TAMPA, Fla. — Hours before his big night, Adam Oates wasn’t too nervous to crack a joke.
“I’m excited. That’s why I was stuttering right there, yeah. I am very excited,” Oates said Saturday afternoon. “I’m very excited to coach these guys. I think they’re a great team and I’m excited to being a coach and just really looking forward to getting it going.”
“I talked to my wife about getting back into hockey and obviously working for Rick. We talked that summer and I came here, kind of optimistic on how I was going to feel,” Oates said. “Really from Day One it was just something that I went, ‘Oh yeah, this is what I’ve been missing in my life.’ It’s been the next challenge in my life to try and pass on your knowledge and learn how coach and become a coach.”
Oates‘ former players believe in his ability to be a head man.
“I think he was able to understand everything that comes with being a head coach.

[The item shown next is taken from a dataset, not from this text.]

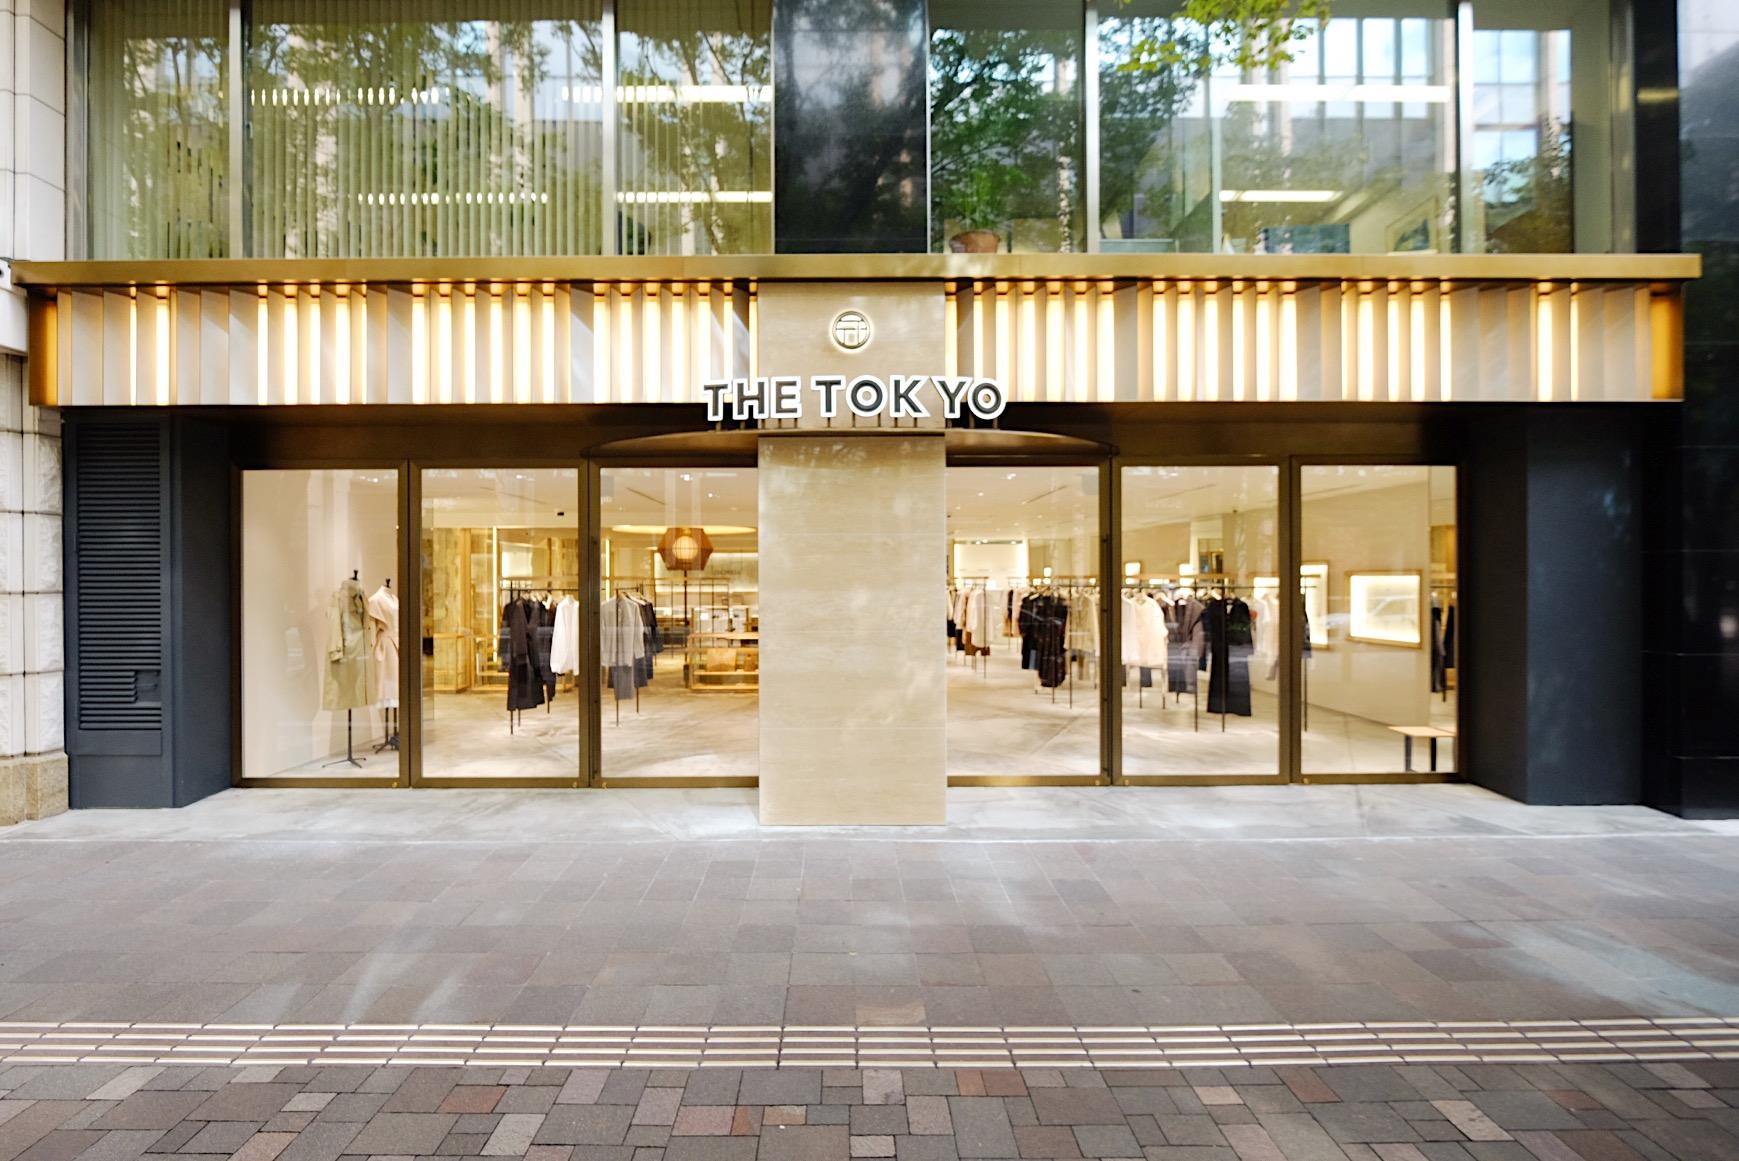 THE TOKYO事業 START

Being an assistant coach, I think you learn a lot along the way and I think he’s done that,” Lightning winger Marty St. Louis said. “Obviously he made the jump, and I truly believe that he’s ready for that. I think he’s going to do a good job.”
In a lockout-shortened 48-game season, Oates‘ impact on the Caps is one of many unknowns.
“I mean obviously it’s tough to tell until you get throw into the fire. But with the amount of knowledge that he has for the game, guys can relate him because he’s played the game,” Lightning center Steven Stamkos said. “I obviously wish him the best of luck, not against us, but against other teams. I think he’ll do well. He has a very talented, skilled team in Washington and that’s the type of player that he was, so he’ll probably be able to relate to all those guys.”
Alex Ovechkin already feels “comfortable” with Oates, and Saturday night was his first game of any kind with the Hall of Fame Center behind the bench.
But players’ trust in Oates lets him do that.
“He’s a coach [who] as an offensive player you can relate to on so many different levels. The caliber of player that he was, he’s able to relate to you in every situation on the ice,” Stamkos said. “Whether you’re going through a great stretch or a tough stretch, he knew exactly what you were feeling and what you needed to do to stay focused on that task.”